The Second Circuit Court of Appeals raised eyebrows a few months ago when it suggested that attorneys who represent the winning party in civil rights litigation may not be entitled to their full hourly rate. In Arbor Hill Concerned Citizens v. County of Albany, the Court (Walker, Jacobs and former Supreme Court Justice O'Connor) noted that the standard method of calculating attorneys' fees -- multiplying the lawyer's hourly rate by the number of hours expended on the case -- is not always a useful model. The real question, according to the Court, is what a paying client might pay for legal representation. The Court surprised the civil rights community with the following language:
In determining what rate a paying client would be willing to pay, the district court should . . . bear in mind that a reasonable, paying client wishes to spend the minimum necessary to litigate the case effectively. The district court should also consider that such an individual might be able to negotiate with his or her attorneys, using their desire to obtain the reputational benefits that might accrue from being associated with the case. The district court should then use that reasonable hourly rate to calculate what can properly be termed the "presumptively reasonable
This complicates matters considerably. The Court presumes that some civil rights lawyers might be content to handle a case without charge (or at a reduced rate) in order to enhance their reputation, so if the attorney wins the case, his attorneys' fee award may be adjusted accordingly. The inquiry is theoretical. The Court of Appeals suggests that the attorneys' fee award turns on what a paying client might be willing to spend on the case, and that the client can negotiate a reduced rate by suggesting the attorney has something else to gain by handling the matter. But most civil rights plaintiffs have little if any money to finance their litigation. If the civil rights case is filed out of an important principle -- like a First Amendment or other case that does not produce a large damage award -- then most people would not pay a lawyer $250 or $300 to litigate the case. The lawyer takes the case because an important principle is at stake even if the damages are low.
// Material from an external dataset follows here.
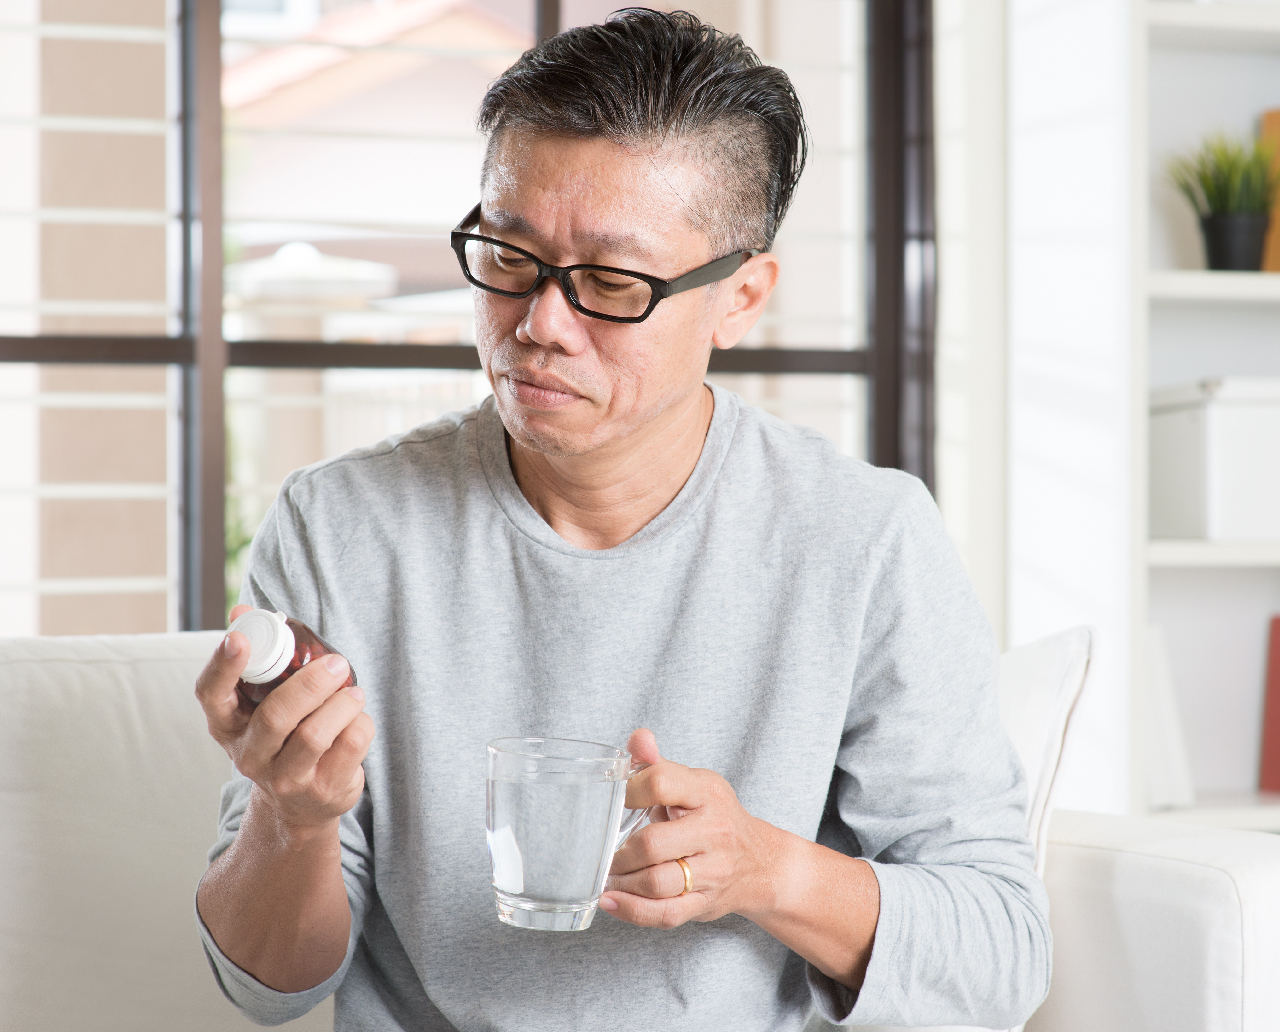 Patient at Home Looking at Pill Bottle

Reputation does not pay the bills; money does. A lawyer may gain some reputational benefit from handling an important civil rights case, but that does not mean he should not be paid appropriately. Some of the most important civil rights cases ever filed generated minimal damages. Certainly, lawyers representing defendant corporations and municipalities get paid their market rate.
The lawyers in the Arbor Hill case petitioned the Court of Appeals to reconsider its opinion. Last week, the Court amended its opinion, dropping a footnote stating:
Our decision today in no way suggests that attorneys from non-profit organizations or attorneys from private law firms engaged in pro bono work are excluded from the usual approach to determining attorneys' fees. We hold only that in calculating the reasonable hourly rate for particular legal services, a district court should consider what a reasonable, paying client would expect to pay. . . . Attorneys -- regardless of whether they are pursuing litigation on behalf of a paying client or a non-paying client -- should receive out-of-district fees only if a reasonable, paying client would have retained out-of-district counsel.
Lawyers involved in the case say the footnote does not necessarily clear up the confusion. This kind of attorneys' fee jurisprudence may wind up in the Supreme Court. That's not a good thing. The Court has limited attorneys' fee awards over the past 15 years, ruling that nominal damage awards may not justify a fee award and also that the plaintiff is not entitled to attorneys' fees if he wins the case after the defendant moots out the case by providing him the relief before the judge can issue a ruling. For now, resolution of attorneys' fee awards will depend on the trial judge.